**DATA EXCERPT**
=== Begin Enclosure ===
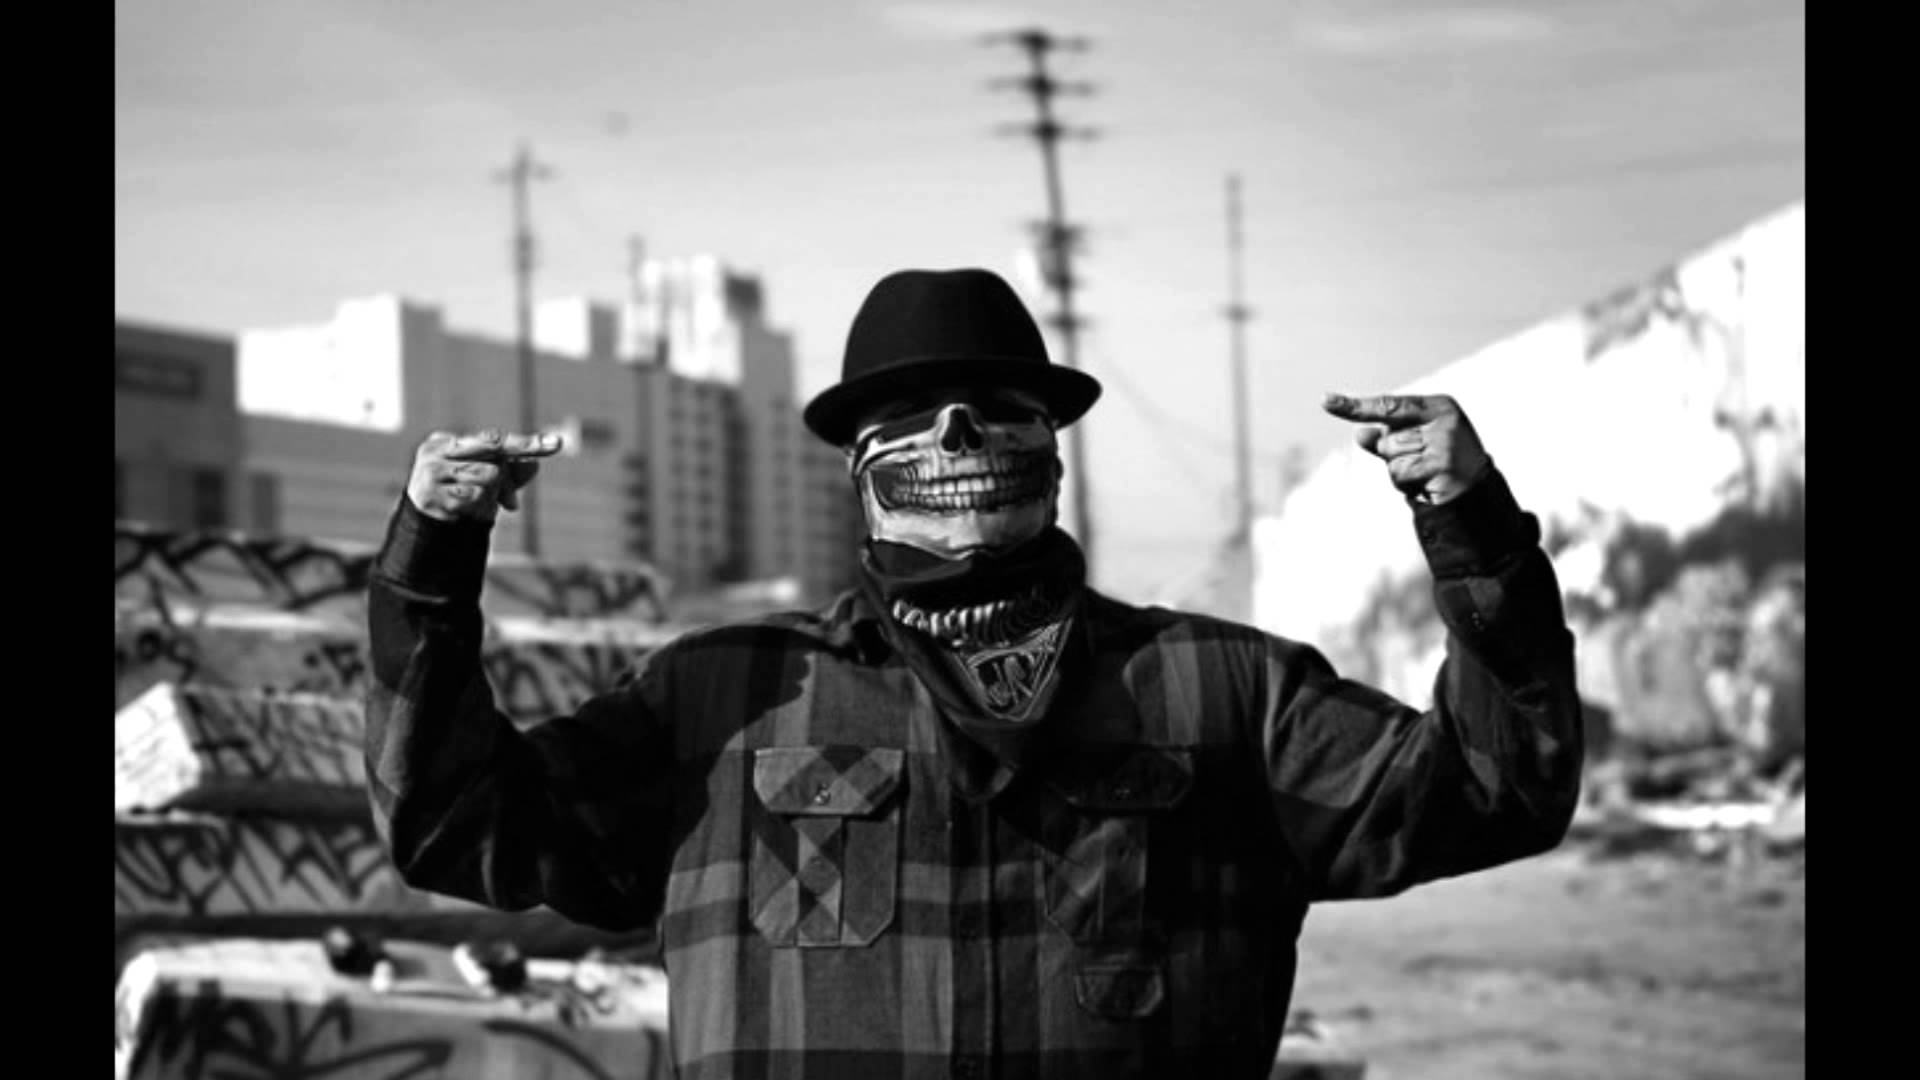 Free download Criminal Impetus Hard Gangsta Rap Instrumental
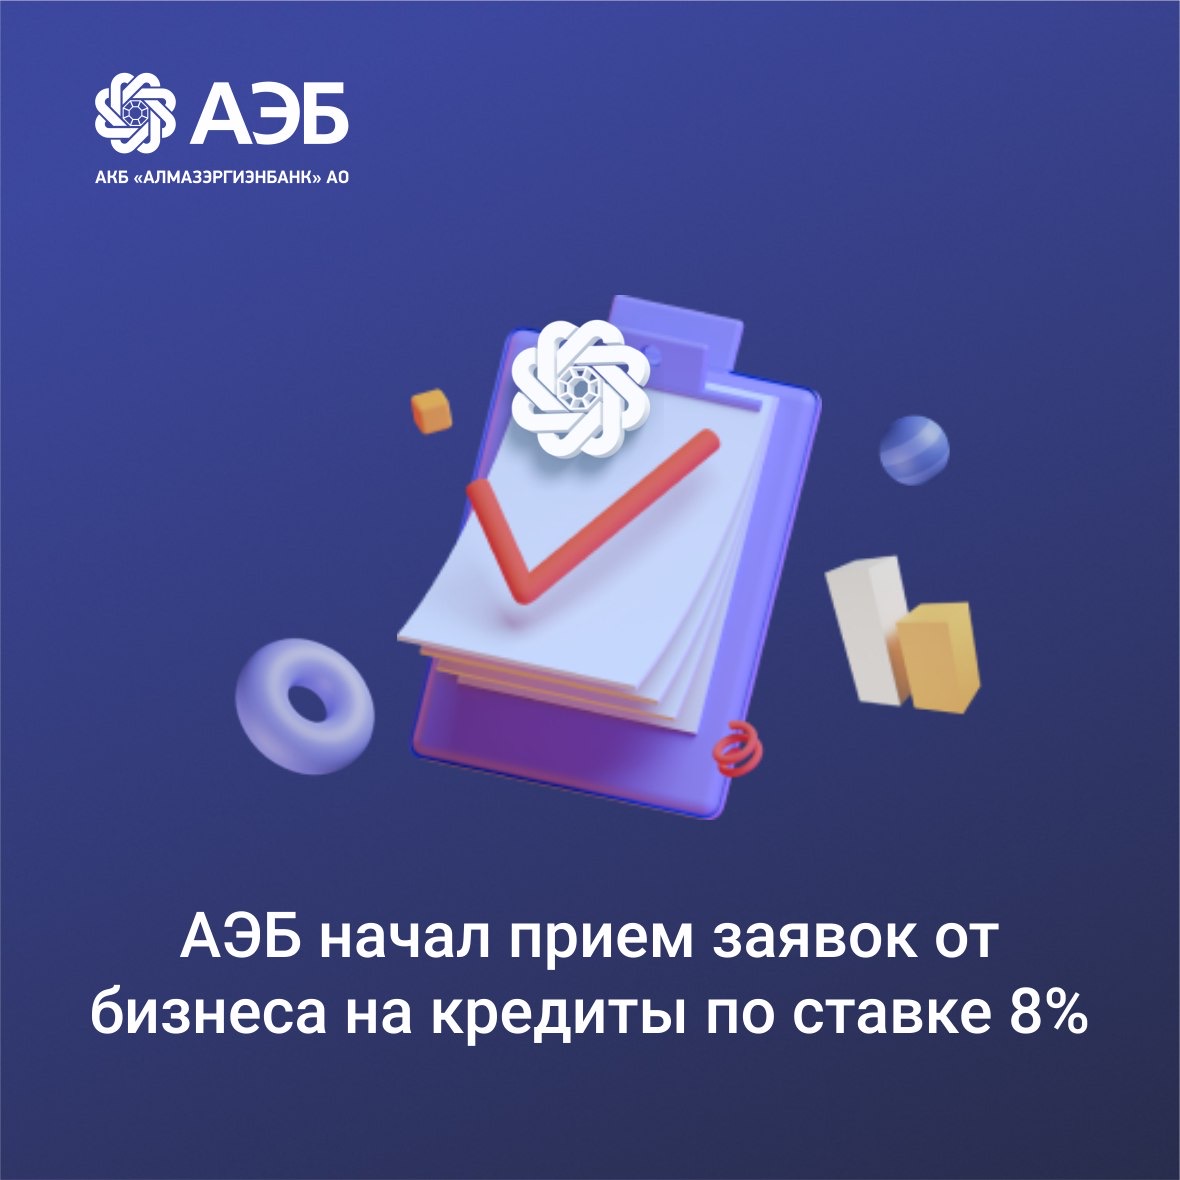 АЭБ начал прием заявок от бизнеса на кредит по ставке 8%
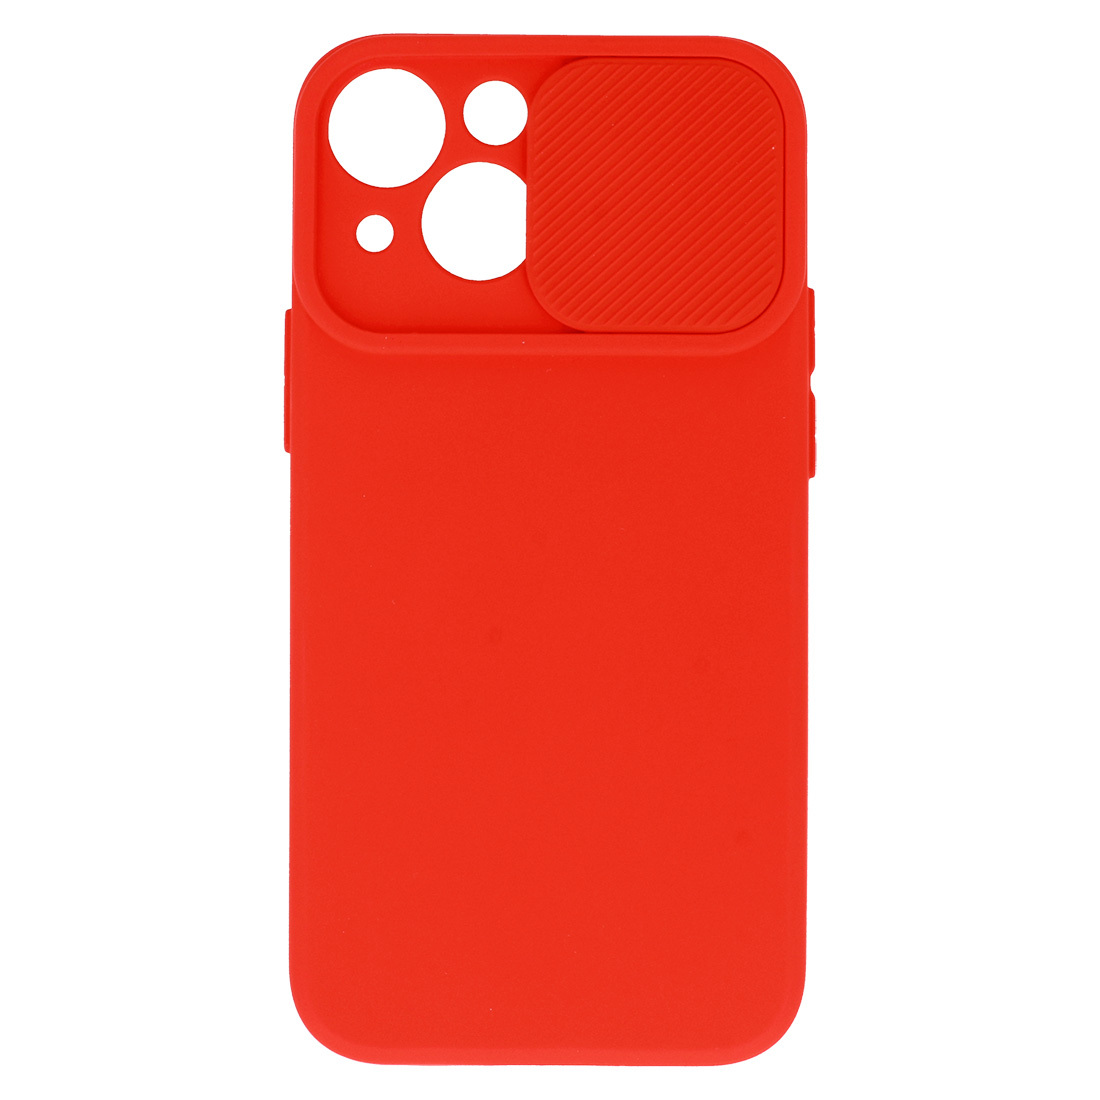 Pokrowiec etui z elastycznego TPU Camshield Soft Case czerwone APPLE iPhone XS / 4
=== End Enclosure ===
Output the material word for word. Pictures do not go in.

**SOLUTION TO THE PROBLEM**
 Free download Criminal Impetus Hard Gangsta Rap Instrumental
 АЭБ начал прием заявок от бизнеса на кредит по ставке 8%
 Pokrowiec etui z elastycznego TPU Camshield Soft Case czerwone APPLE iPhone XS / 4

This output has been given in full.